====== DATA IN THIS EXERCISE

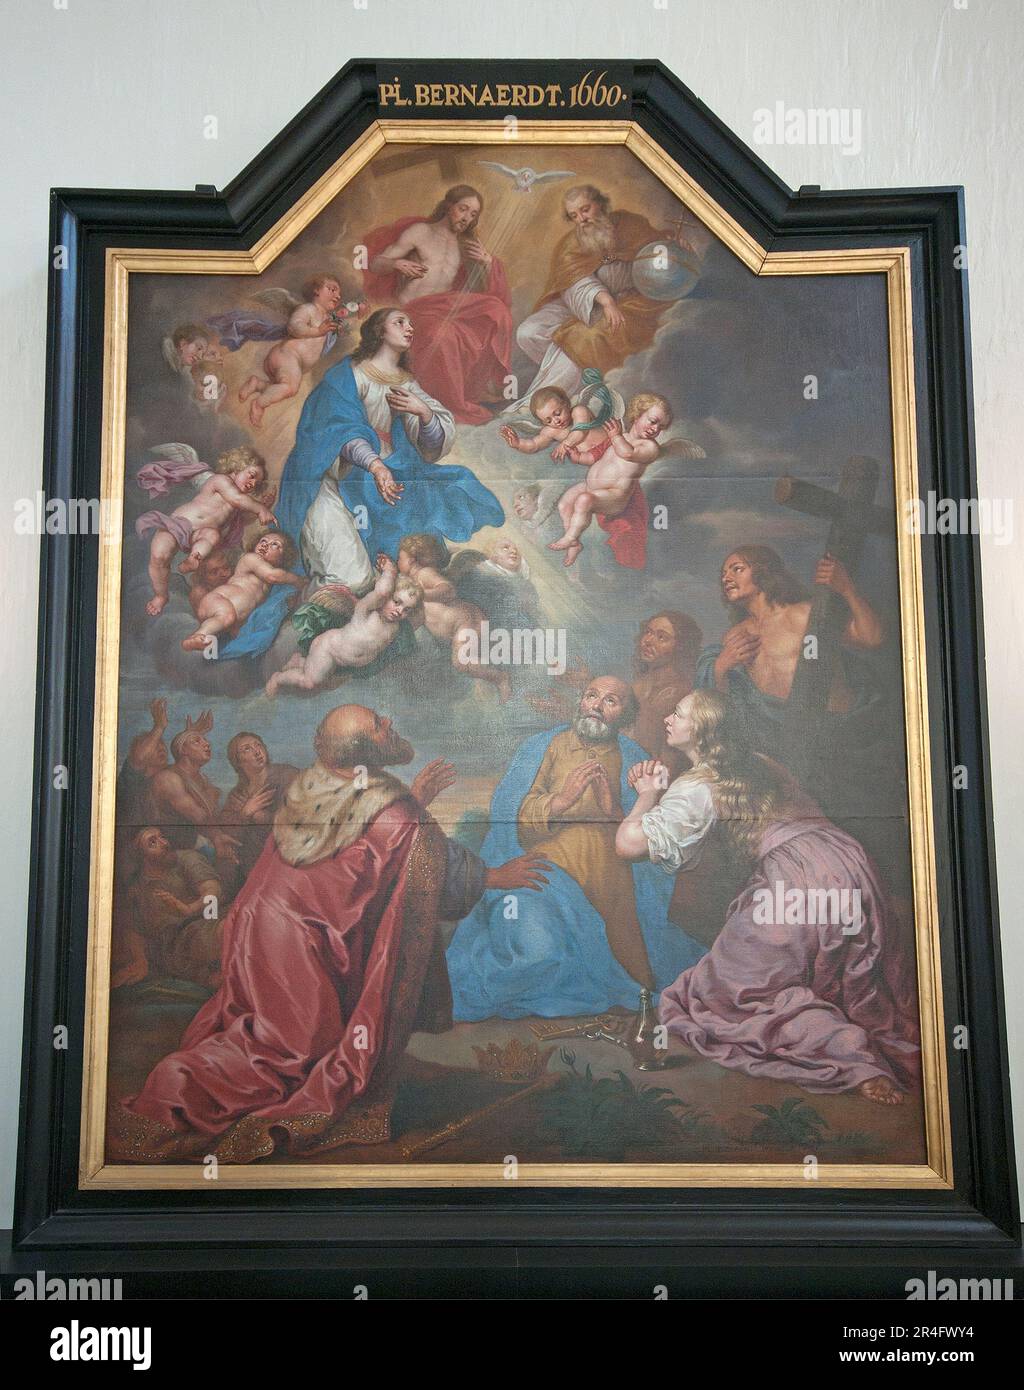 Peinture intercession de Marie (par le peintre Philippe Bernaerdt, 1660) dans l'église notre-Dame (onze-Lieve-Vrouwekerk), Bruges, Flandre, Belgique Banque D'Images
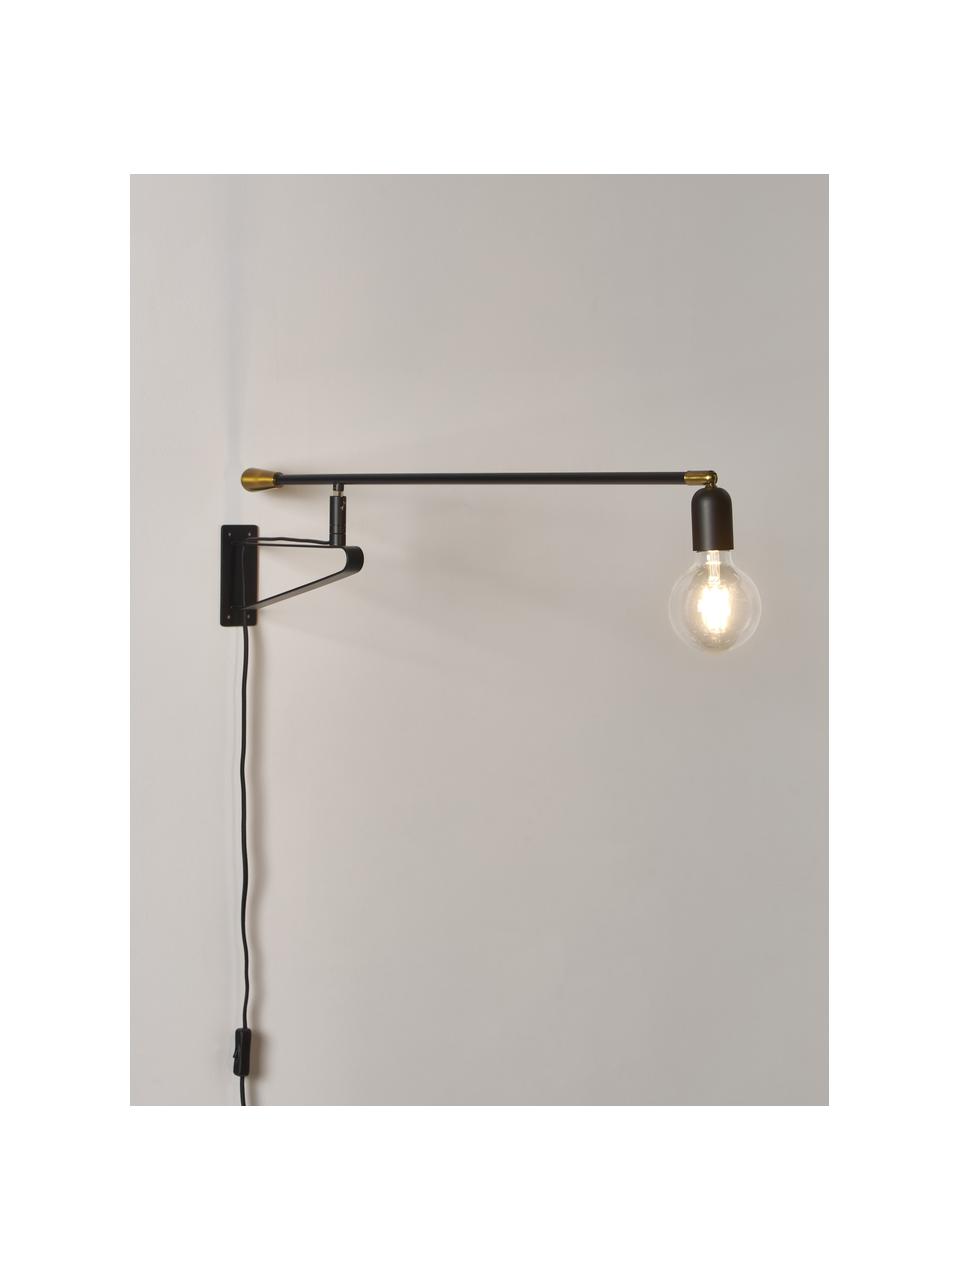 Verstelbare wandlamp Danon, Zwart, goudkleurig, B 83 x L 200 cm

============
====== DATA IN THIS EXERCISE

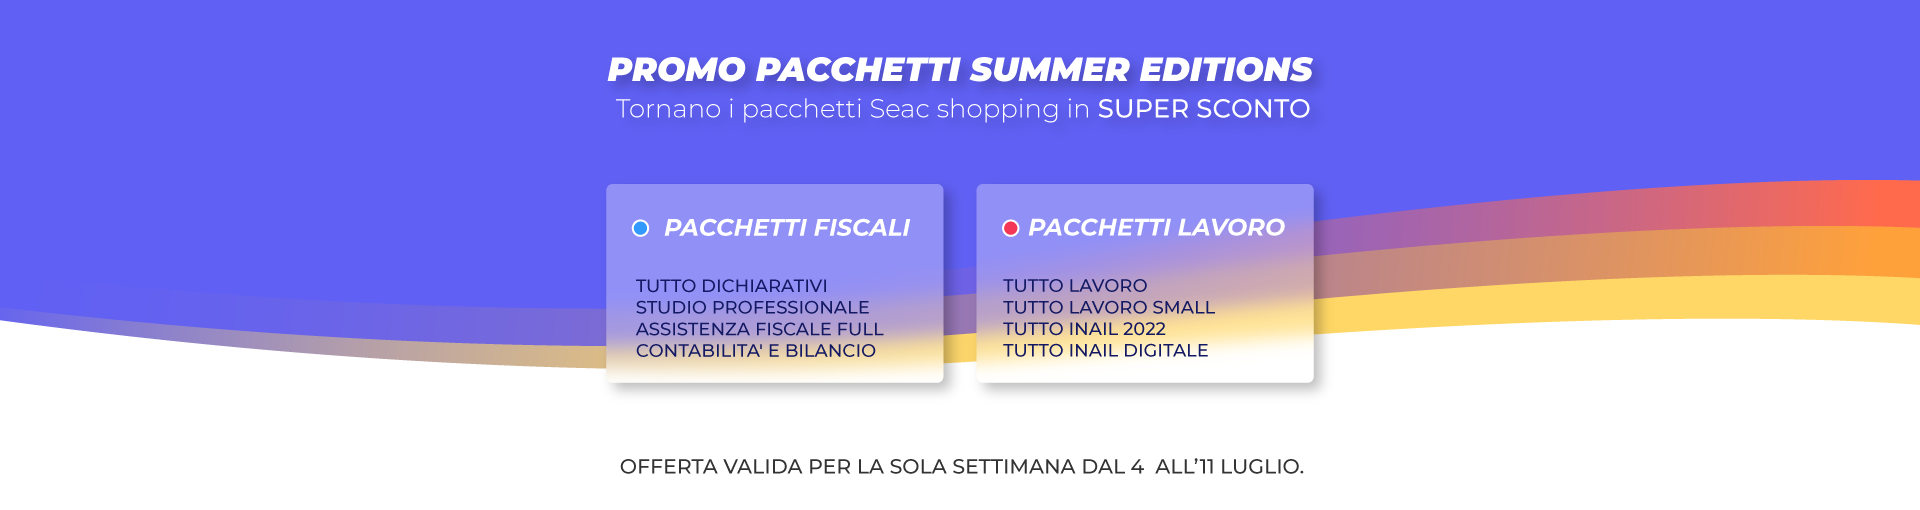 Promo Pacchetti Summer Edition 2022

============

__WHAT YOU HAVE TO DO__:
Print exactly the lines above that run from the one with "Peinture intercession de" down to the one with "Verstelbare wandlamp Danon, Zwart, goudkleurig, B", and omit the pictures.

__EXPECTED ANSWER__:
 Peinture intercession de Marie (par le peintre Philippe Bernaerdt, 1660) dans l'église notre-Dame (onze-Lieve-Vrouwekerk), Bruges, Flandre, Belgique Banque D'Images
 Verstelbare wandlamp Danon, Zwart, goudkleurig, B 83 x L 200 cm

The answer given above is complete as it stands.